Телепортировались, как всегда, примерно за километр от назначенного места. У графов Монтени, вообще, был замок, но они предпочитали жить в мэноре, находящемся километрах в двадцати от городской черты Парижа.
Собрались, как всегда, вместе, и Элли со смешанным чувством отторжения и влечения дала Давиду взять себя под руку. Все планы уже обсудили, и добавить было нечего. Анджела легкомысленно бросала какие-то шуточки, и Элли оставалось только завидовать такому самообладанию — сама она себя ощущала заряженным до предела амулетом, готовым либо выстрелить во врага, либо взорваться на тысячу осколков. 
— Ну детка, котенок, что ты нервничаешь, — Давид обнял ее за талию и притянул к себе — невовремя, потому что против воли она ощутила возбуждение и страсть, и эта самая страсть была совершенно не к месту и могла все испортить.

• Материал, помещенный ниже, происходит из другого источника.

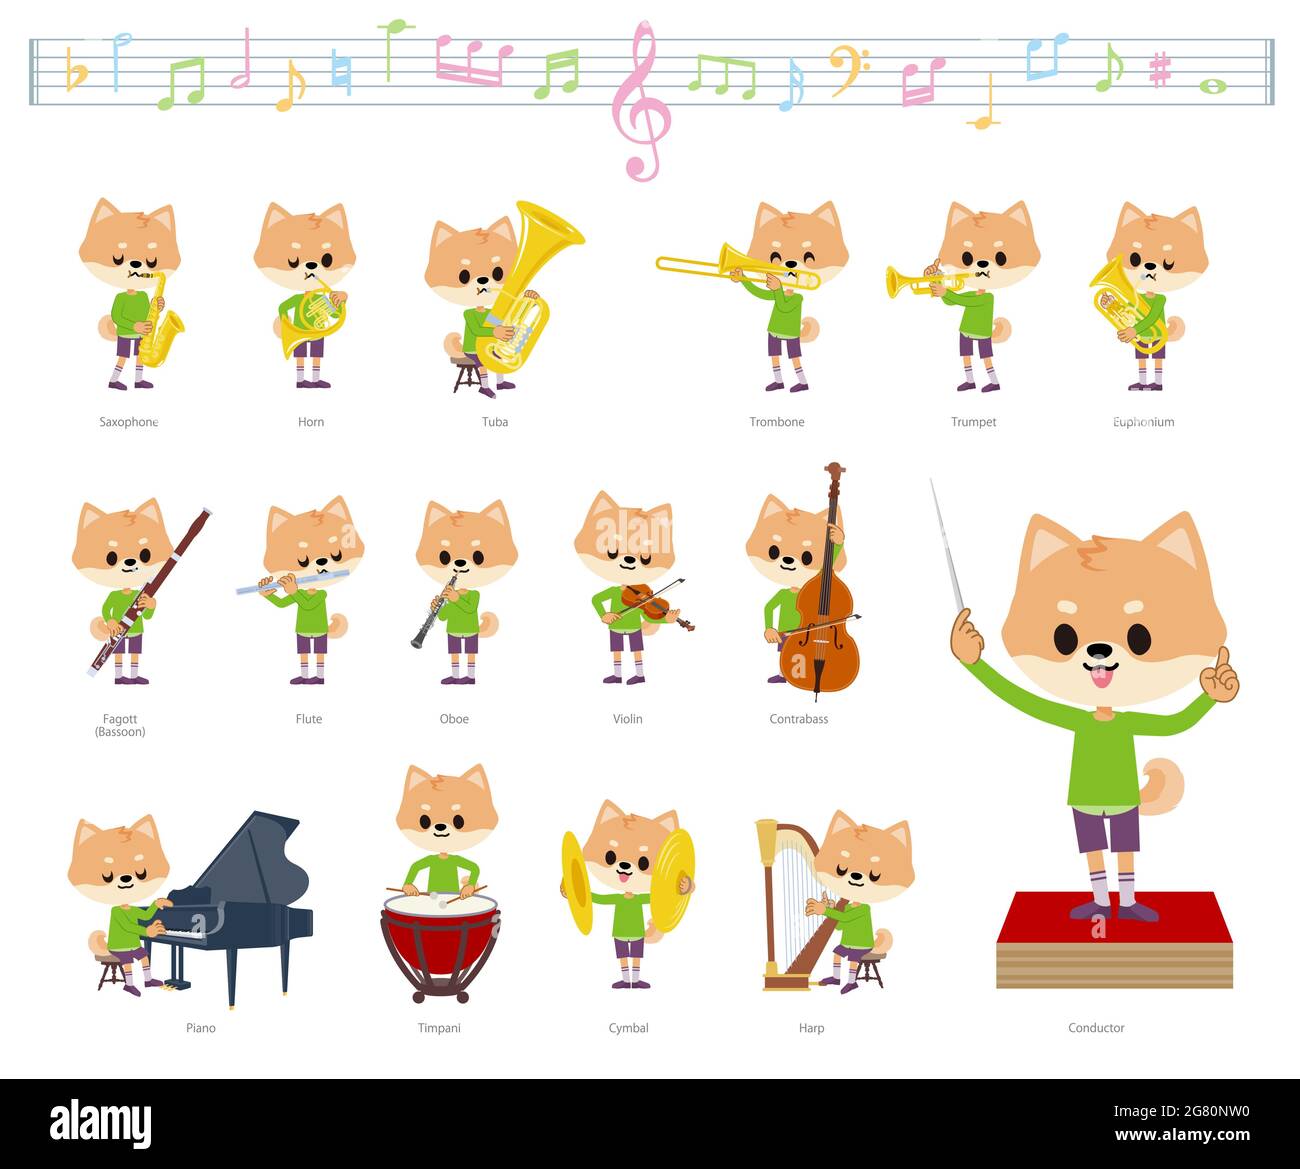 Un jeu de chien garçon sur des performances de musique classique.c'est l'art vectoriel pour qu'il soit facile à éditer. Illustration de Vecteur

Впрочем, ссориться не хотелось, и она мягко сняла его руку, шепнув на ухо: «Потом».
Нет, реакцию надо было видеть — кажется, Давиду стоило усилий не издать торжествующий возглас. Ну еще бы, изголодался. «Ничего, заслужил», — мстительно, но уже без злости и обиды думала Элли. Вообще, ссоры — вещь противная, и только необходимость донести до человека посыл и заставляет на них идти. Хотя что врать — обида тоже играет роль, а обижалась она хоть и не на всю жизнь и вообще ненадолго, зато сильно. Антуан, бедняга, знает на себе.
Размышления были вновь прерваны — и на этот раз внезапно, хоть и вполне ожидаемо, появившейся перед глазами дверью. Воздух пропал из груди, все внутренности скрутило, тело оцепенело и тут же ожило — прямо как на тренировках и в бою. Давид легким и неожиданно-резким движением подскочил к тяжелой двери и постучал — та тут же открылась. Перед ними стояла графиня, наряженная еще торжественнее, чем на обеде у короля: пышное розовое платье, макияж (слегка избыточный), и ее муж — лысеющий и полнеющий господин с солидным выражением лица. — Добрый день, дамы и господа, защитники наши, так сказать, — приветливо басил хозяин, и графиня вторила ему дружелюбным хихиканьем. 
— Здравствуйте, добрый вечер, графиня, ваше высочество, — поприветствовала хозяев и Элли, когда пришел ее черед, и как-то сразу успокоилась — не то чтобы совсем, но почти — как раз так, как нужно, чтобы и сохранять внимание, и не слишком нервничать. Элли передала дубленку голему, быстренько осмотрела себя в зеркало, слегка поправила прическу — а все остальное в было полном порядке!
Улыбнувшись себе, она устремилась в зал для приемов — и не такой огромный, чтобы чувствовать себя неуютно, в заброшенности, и все же достаточно большой, чтобы немалая компания могла общаться и вместе, и по небольшим группам, не чувствуя стеснения. Сам зал был уставлен сувенирами, антиквариатом, картинами (от классики до новейшей современности), мебель дорогая, красного дерева, обивка на креслах, обои с цветами и вроде бы тоже какие-то дорогие… в общем, роскошь, и не китчевая, бьющая в глаза, а такая, в которой утопаешь, переставая замечать, когда остается только ощущение, что ты погружен в богатство и излишества. Элли стряхнула с себя некоторую нервозность и раздражение — непонятно почему, но именно в том, что роскошь в этом доме была несомненным и полновластным хозяином, крылось и какое-то неприятие, и хотя хозяева обращаются учтиво, но чем-то все равно молча, без слов и даже жестов, но указывают на свое превосходство и твою какую-то второсортность.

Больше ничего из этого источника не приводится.